INSTRUCTIONS FOR THE TASK
Repeat the data in full and exactly. Leave the pictures out.

AVAILABLE DATA
/---

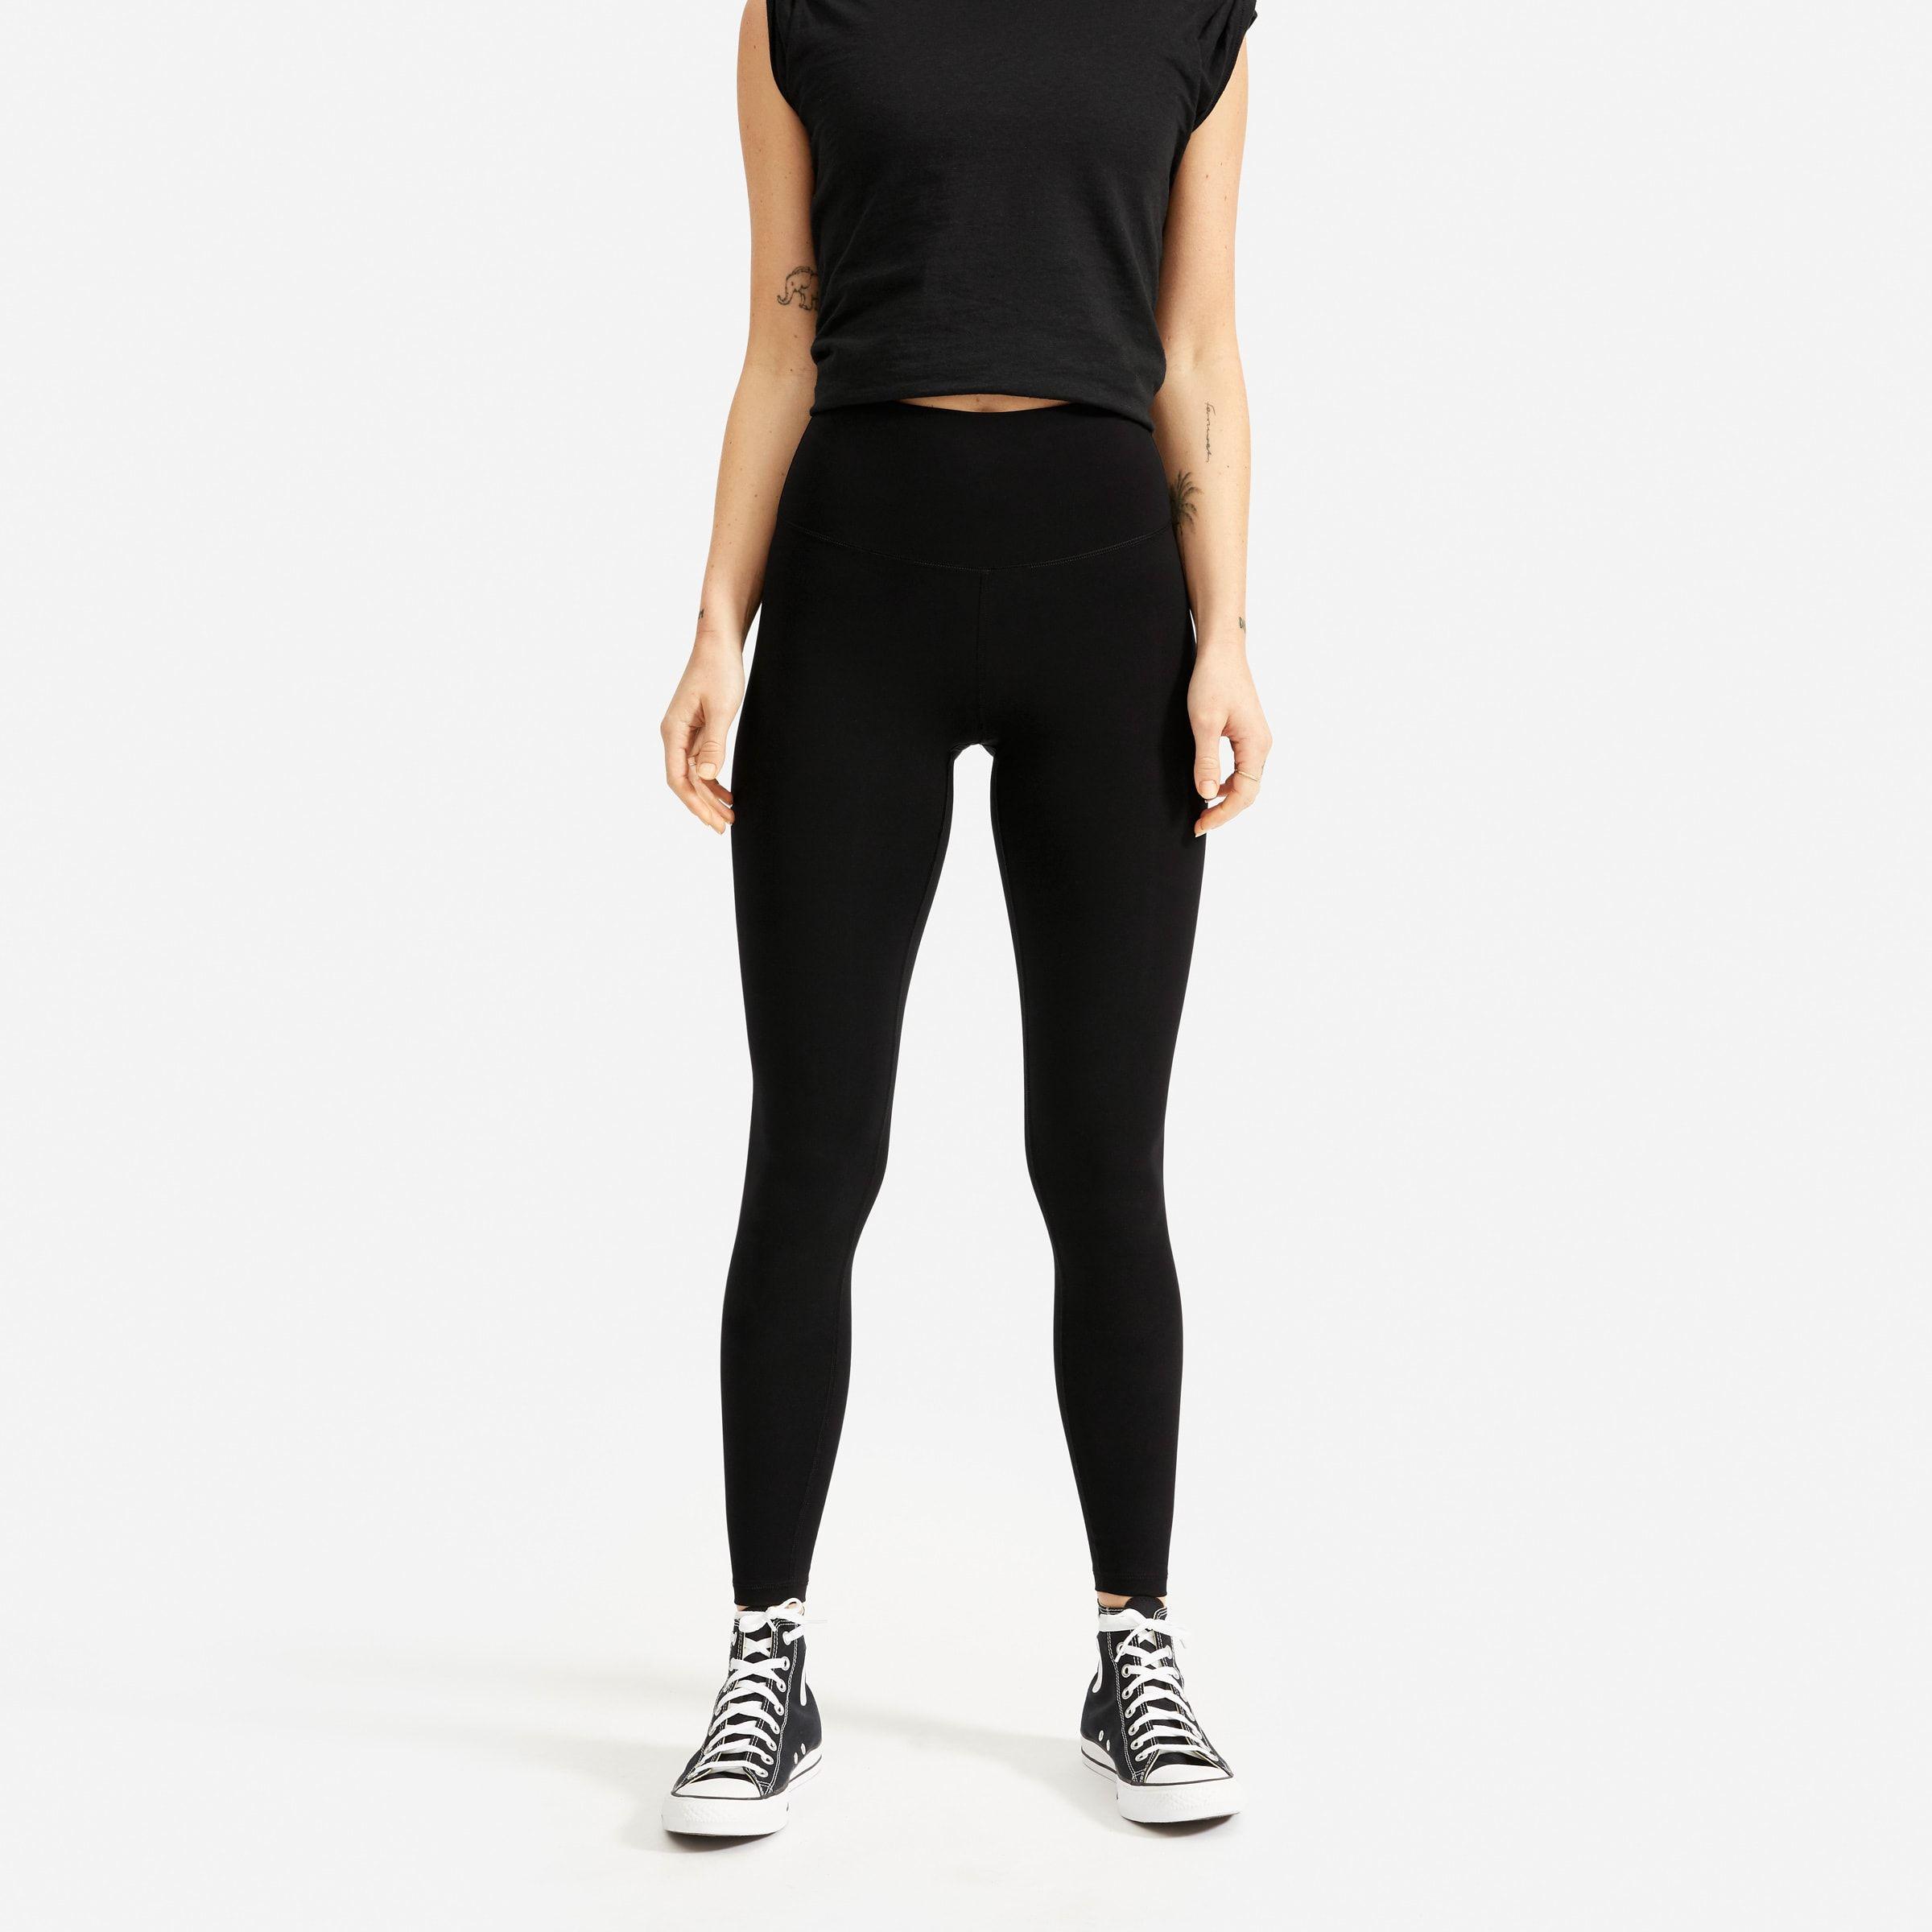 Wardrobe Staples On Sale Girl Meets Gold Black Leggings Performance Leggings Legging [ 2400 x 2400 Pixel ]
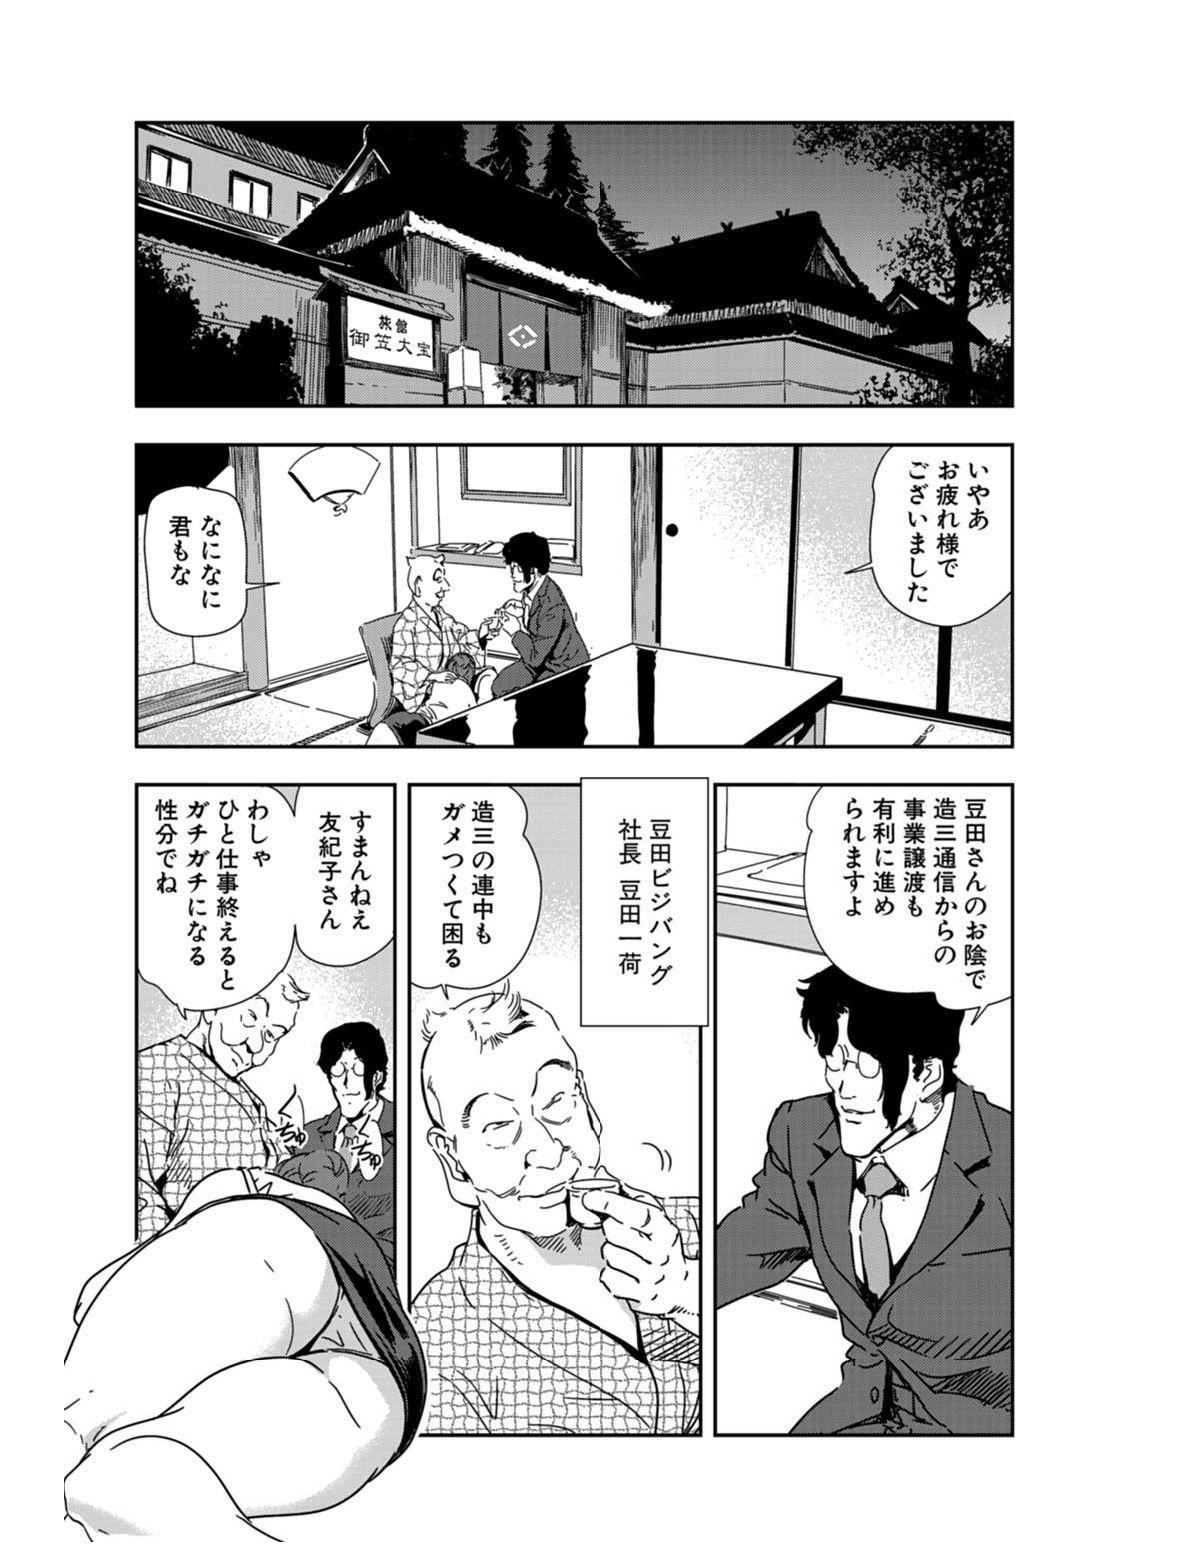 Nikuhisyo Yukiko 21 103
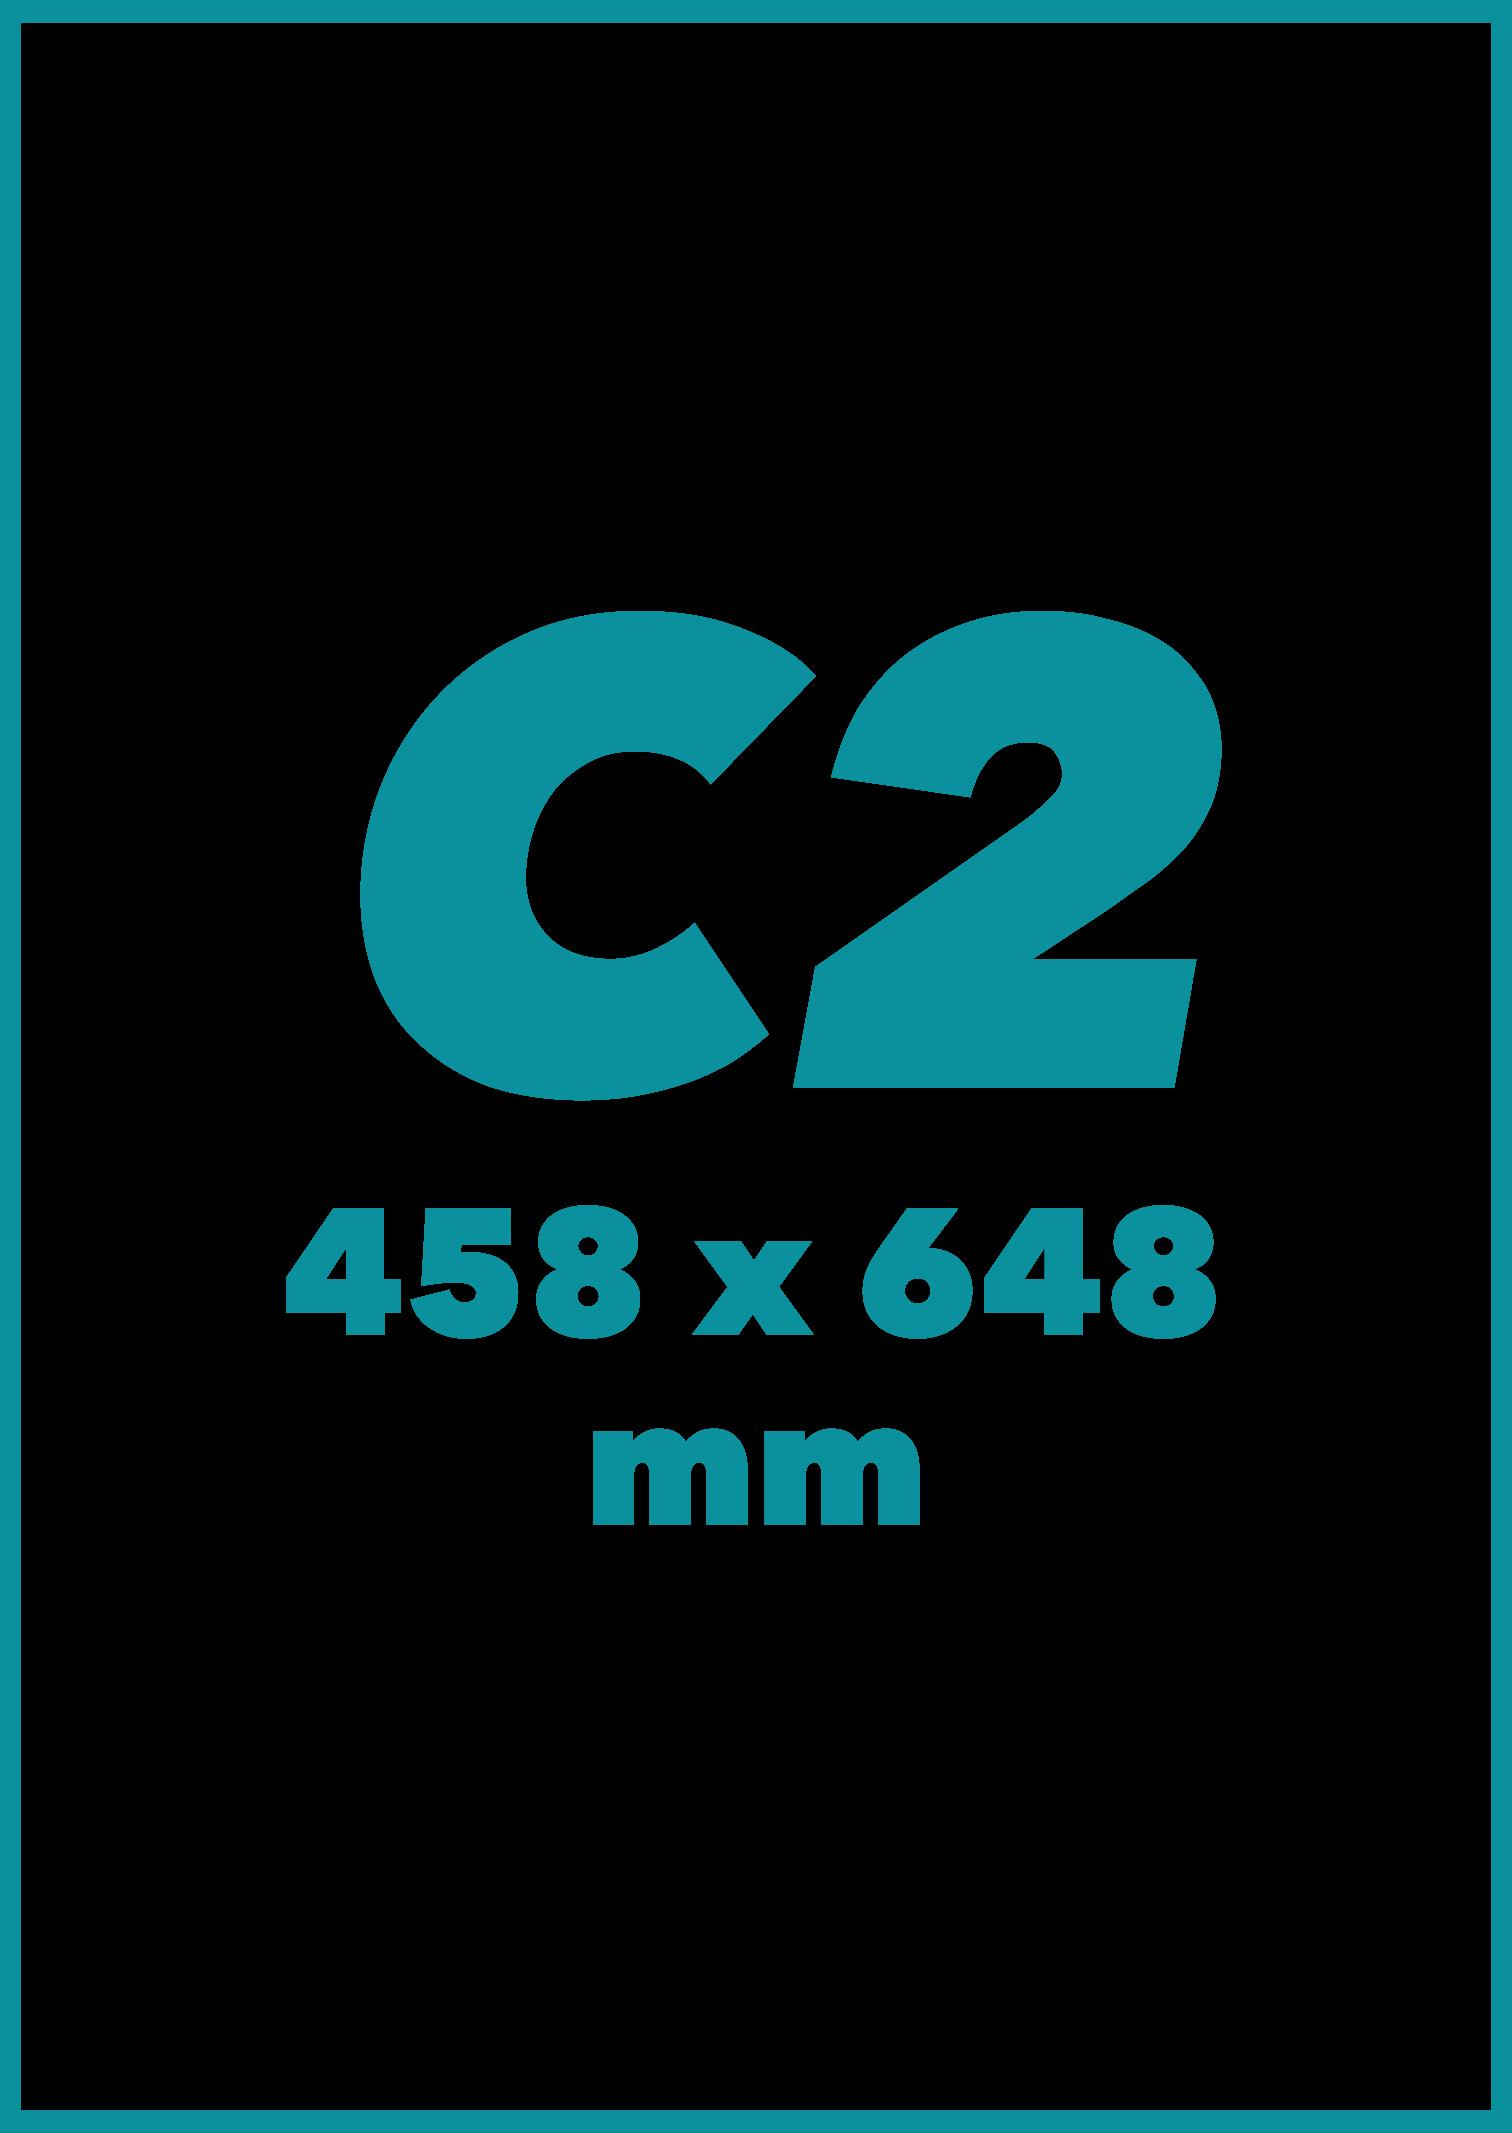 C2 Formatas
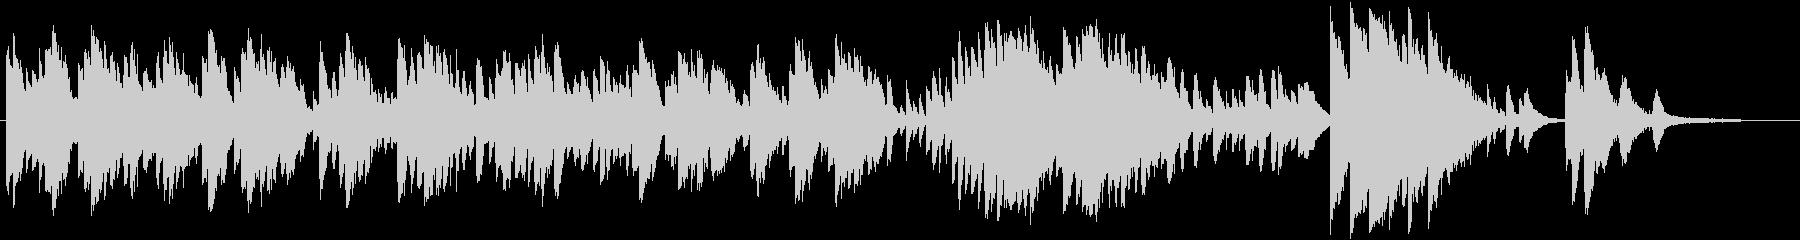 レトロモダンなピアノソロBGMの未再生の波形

\---

WRITTEN SOLUTION
 Wardrobe Staples On Sale Girl Meets Gold Black Leggings Performance Leggings Legging [ 2400 x 2400 Pixel ]
 Nikuhisyo Yukiko 21 103
 C2 Formatas
 レトロモダンなピアノソロBGMの未再生の波形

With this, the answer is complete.